Well I have an essay to write so apologies if my reply is rather more brief than others Smile

Re growth mindset thinking - the central tenets as they apply to education relate to the type of praise given to children (telling a child "you're so clever" when they've solved a problem makes them *less* likely to try something more difficult next time because if their "cleverness" resides in their ability to solve problems correctly, their self-identity is questioned when they get something wrong. Conversely telling a child "you've worked really hard" when they've solved a problem makes them more likely to relish challenge) and to the extent to which our self-theories affect our aptitude. Psychologically speaking, it's pretty uncontroversial - elements of it are in Montessori and Dewey, writing a hundred years ago and it's backed up by decades of empirical studies.

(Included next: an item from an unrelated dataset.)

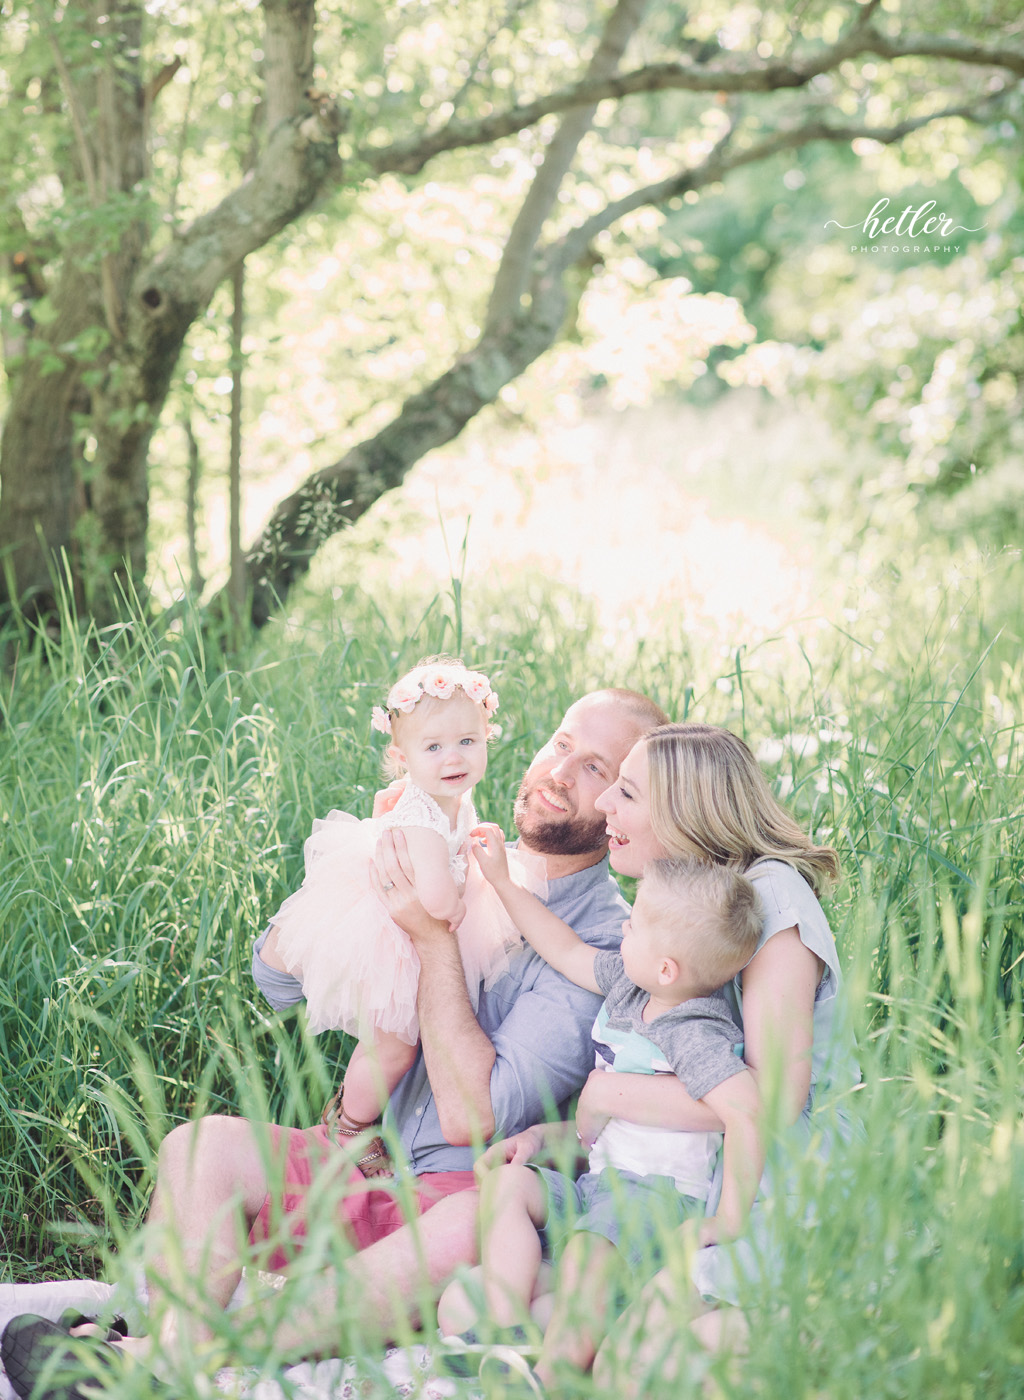 Grand Rapids family photography with girl with lucky fins

The crucial point to take from it is not necessarily "I can be as good as Michael Brauer at mixing" but "there is no pre-set genetically determined limit to how good I can get at mixing, if I am prepared to put in effort". Moreover, effort, not genetic ability, is by far the greatest determiner of how successful anyone is at pretty much anything - even Mozart, who is regularly held up as a "born genius", wrote: "People make a great mistake who think that my art has come easily to me, nobody has devoted so much time and thought to composition as I... there is not a famous master whose work I have not studied over and over." To put it in context, the piano concerto recognised at Mozart's first great attempt in that genre (as opposed to more derivative earlier works), Jeunehomme no. 9, was his 271st published work.

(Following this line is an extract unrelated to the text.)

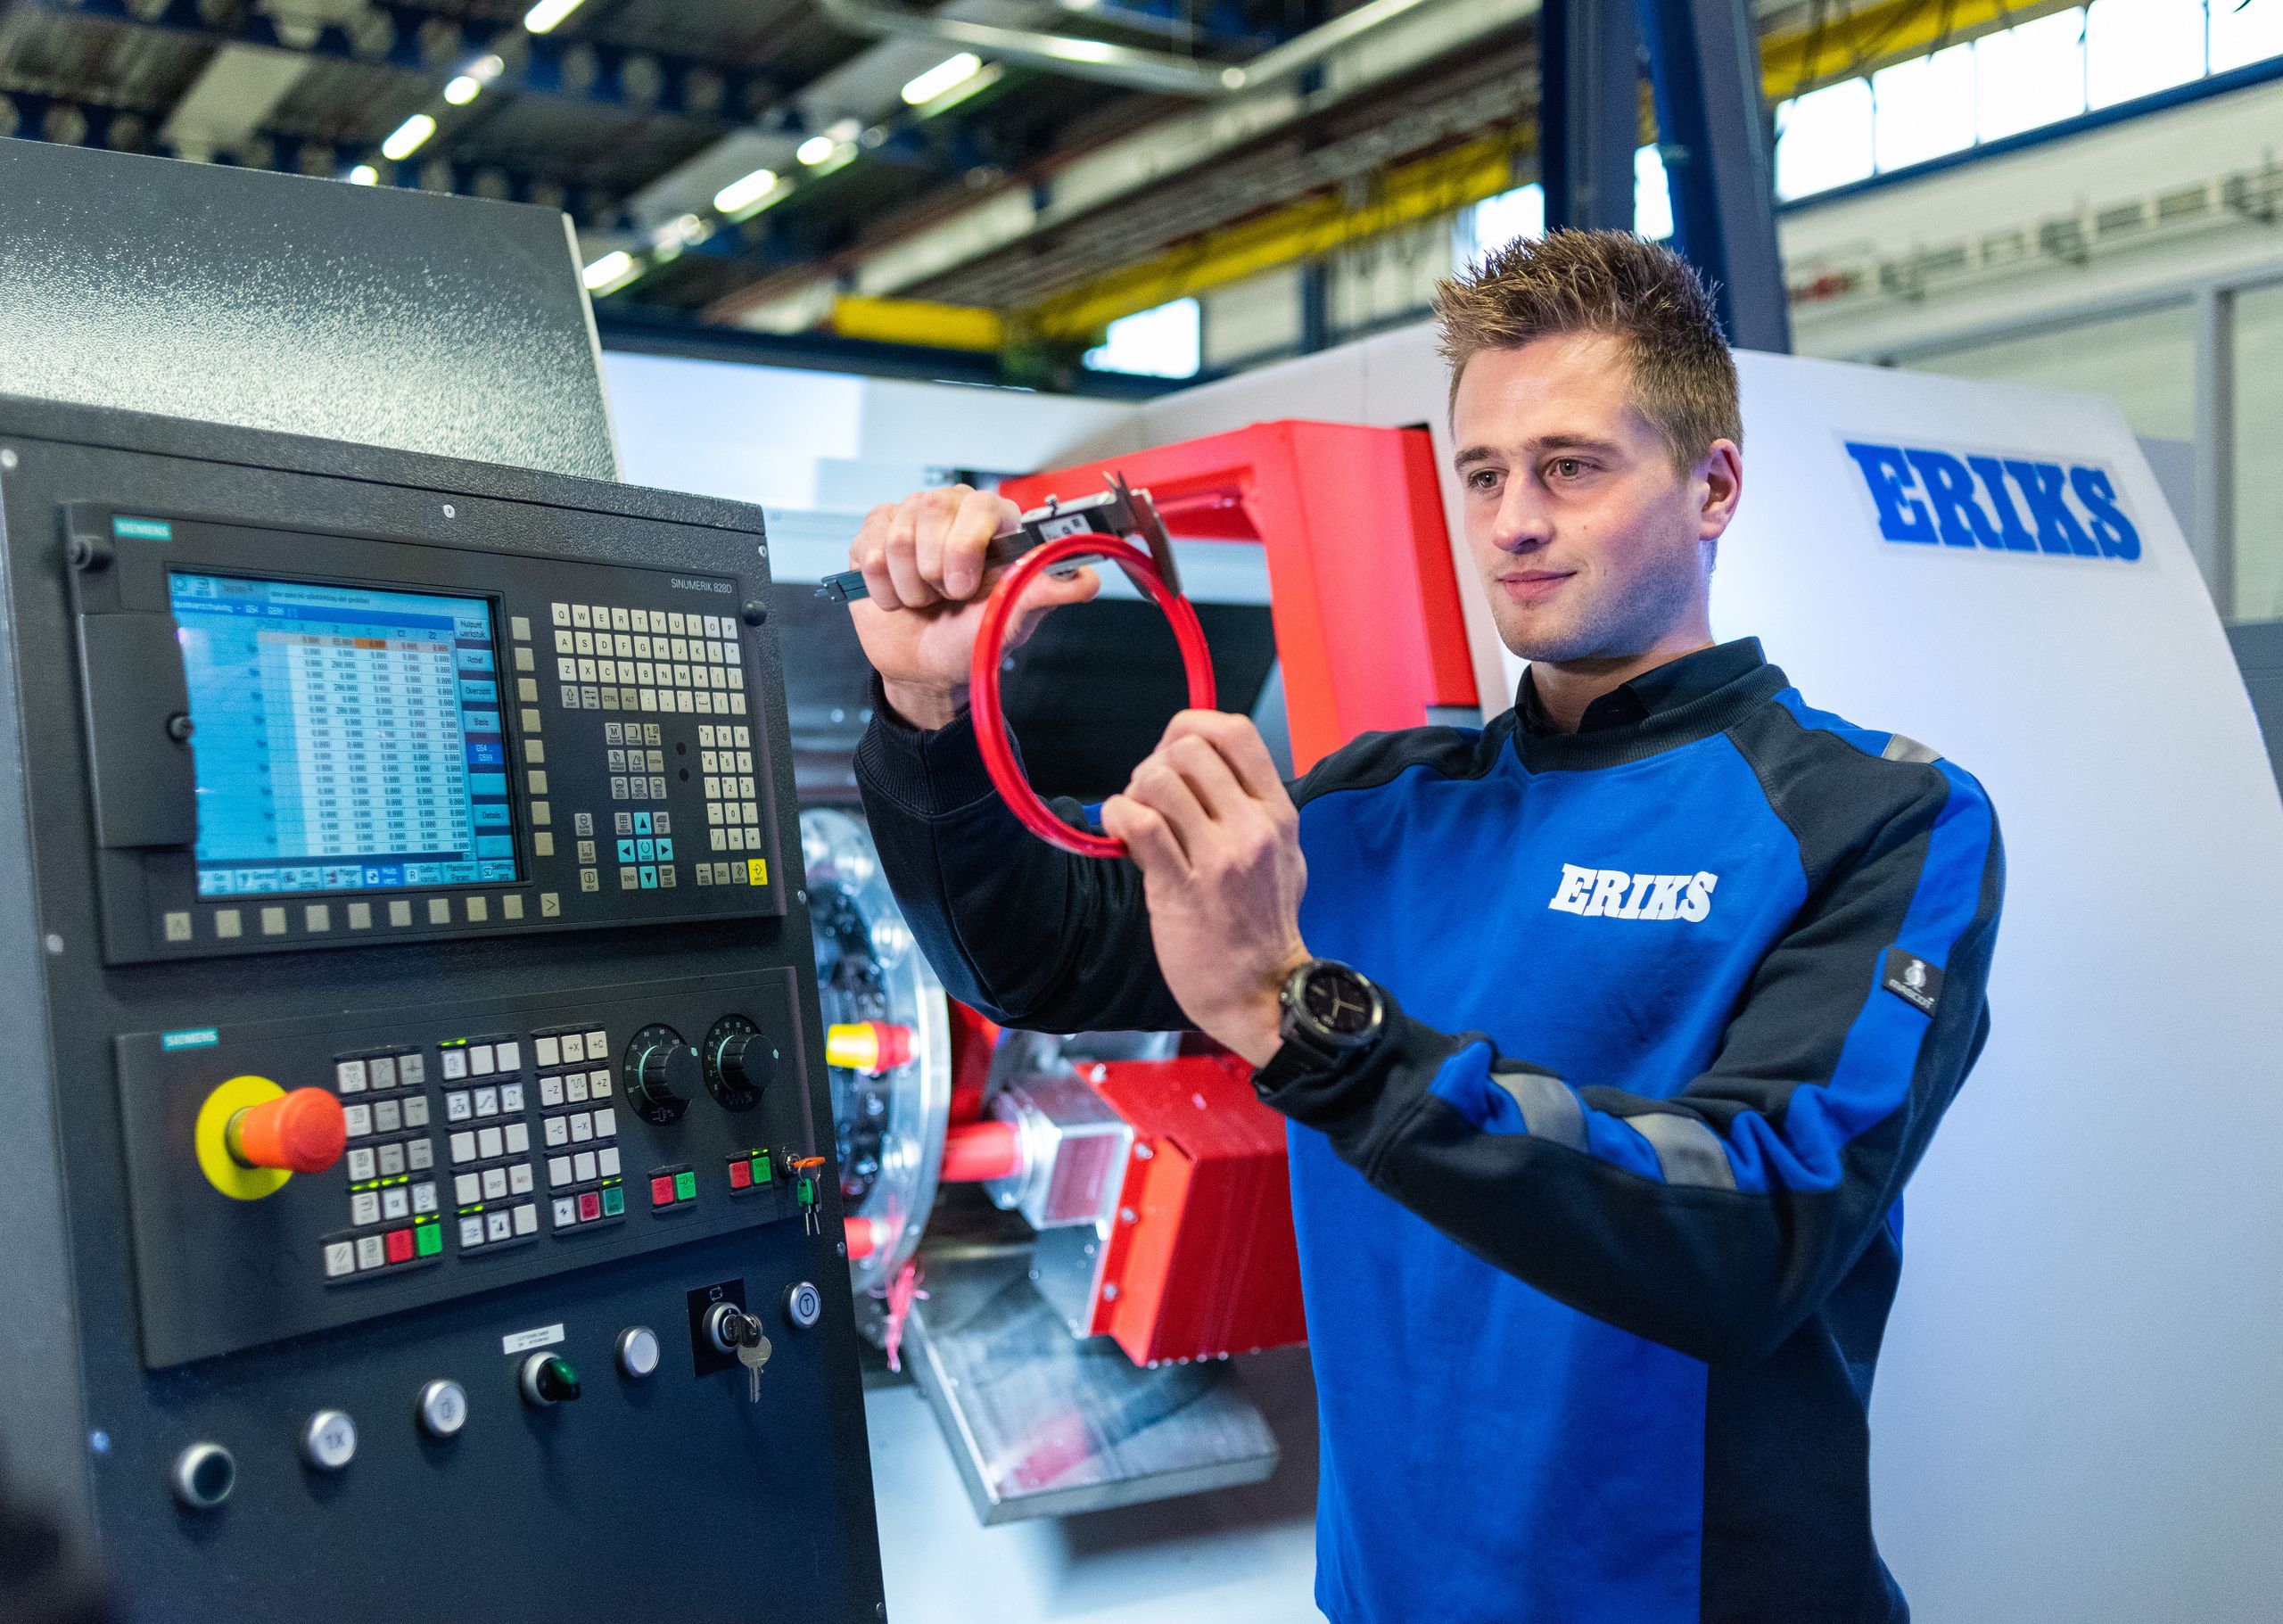 ERIKS employee working on the tailor-made gaskets produced in Alkmaar, 2022.

Couple of other things - Dave, you said that the fact I have a music degree is "irrelevant" to mixing, which I found quite surprising. Leaving aside the fact that 30% of my degree was on Studio Recording Techniques and Electroacoustic Composition, the level of critical listening for nuance, balance and tone required to play at degree level in a classical ensemble is extremely high. Not to mention the years of ear training that makes me very sensitive to pitch inaccuracies, all the work I've done on harmony & counterpoint, musical arranging of many different genres etc - and of course I can communicate to musicians in their own language, so I'd say that it was highly relevant. However, I'm getting defensive, for which there is no need.

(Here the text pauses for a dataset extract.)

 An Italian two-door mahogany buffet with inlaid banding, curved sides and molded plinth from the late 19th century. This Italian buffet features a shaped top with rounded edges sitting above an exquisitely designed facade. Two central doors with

However, it does lead me onto a further question which is meant as a genuine discussion starter, not an attempt to start an argument: to what extent do you (or anyone else reading this) consider mixing to be an art or a science? I have a background in music and I - probably therefore unsurprisingly - consider it to be primarily an art. Your signature line implies an artistic leaning, but most of what I've read so far in this thread and a couple of others has all been about comb filtering, phase issues, mic bleed, frequency responses, the inadequacy of mp3 encoding, acoustic treatments etc etc - i.e., it's basically a science, and a highly mysterious and complex one at that. I find myself wondering: Where's the focus on the actual song rather than the technicalities surrounding it? Where's the meaning of the words and the feeling of the music? I know they're in there as well, but I can't help feeling that this kind of discussion is in some danger of not seeing the wood for the trees.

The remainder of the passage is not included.